Why Congress wants the CIA to come clean about a 1973 coup in Chile
In 1970, Chileans freely elected a longtime politician to the country’s presidency. Salvador Allende became the first Marxist-Socialist ever elected in a Latin American democracy. Seeing his election as a mandate, he began moving the country to a socialist system, nationalizing Chile’s copper mining companies, its banking system and its healthcare system.
Things seemed to start going well for the country. Wages rose, inflation was reduced and more people began going to school. Chile’s GDP rose 8% and life for most Chileans improved, especially among the country’s poor in the first year. Then things started to go wrong.
By 1973, worker strikes began hurting sectors of the economy, staples disappeared from market shelves and tensions between the indigenous poor and wealthy white elites exploded. That same year, Chile’s military seized power in a coup d’etat led by Gen. Augusto Pinochet. The military junta would rule Chile with an iron fist for the next 27 years.
Now, members of the U.S. Congress, led by Rep. Alexandria Ocasio-Cortez, are calling on the American CIA to declassify its documents related to Pinochet’s coup. Ocasio-Cortez was part of a Congressional delegation to Chile that marked the 50th anniversary of the coup that brought down Allende’s government and ended civilian rule in the country.
“It’s very important to frame the history of what happened here in Chile with Pinochet’s dictatorship. And also to acknowledge and reflect on the role of the United States in those events,” Ocasio-Cortez said outside the Museum of Memory and Human Rights dedicated to the victims of Pinochet’s dictatorship.
Classification reviews for secret information begin automatically at 25 years, but there are nine causes for exception. After 50 years, there are only two reasons for keeping it classified, which is why most declassifications happen at 50 years. After 75 years, special permission is required to keep documents secret.
The United States was long thought to have played a role in the coup that overthrew Allende. It wouldn’t have been the first time the CIA was involved in overthrowing a freely elected government. A Senate investigation reported that the CIA didn’t initiate the coup but was aware it was coming. The CIA reportedly made no effort to stop the coup, nor did it assist the Pinochet government.
Previously declassified American documents showed that the U.S. government under President Richard Nixon was hostile to the election of a Marxist in Chile and that the CIA had tried to prevent Allende from taking power in 1970. It tried to bribe members of the Chilean legislature while supporting worker’s strikes and anti-Allende propaganda, but nothing came of the effort: Allende took power anyway.
A shadow has always loomed over American relations with Chile because no one knows just how much the United States was involved in Pinochet’s rise to power. It certainly seemed like something the CIA would do, but a lot of questions still remained unanswered about what the CIA did in 1973.

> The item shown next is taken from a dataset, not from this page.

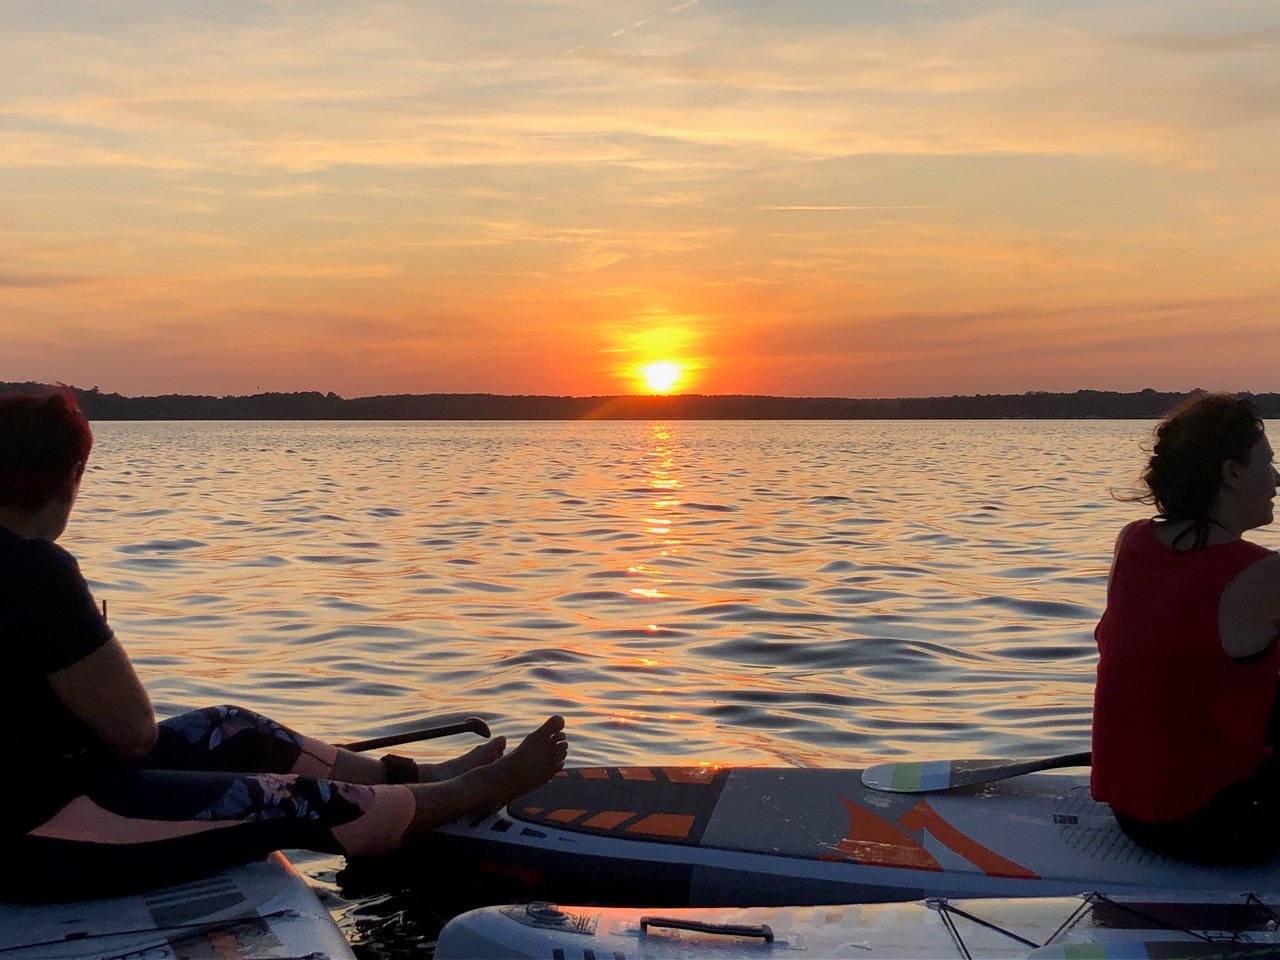 Frauen sitzen auf Stand-Up-Paddle-Boards und beobachten einen Sonnenuntergang.

No matter who was involved, Pinochet’s reign resulted in thousands of executions, tens of thousands of Chileans forcibly interned, left-wing opposition quashed, repression of entertainment and the press, and millions stolen from the Chilean government.
Pinochet himself continued to serve in Chile’s senate after stepping down as president but was arrested on an international warrant while visiting London in 1998. Pinochet died after a heart attack while on house arrest, awaiting trial in Chile, in 2006.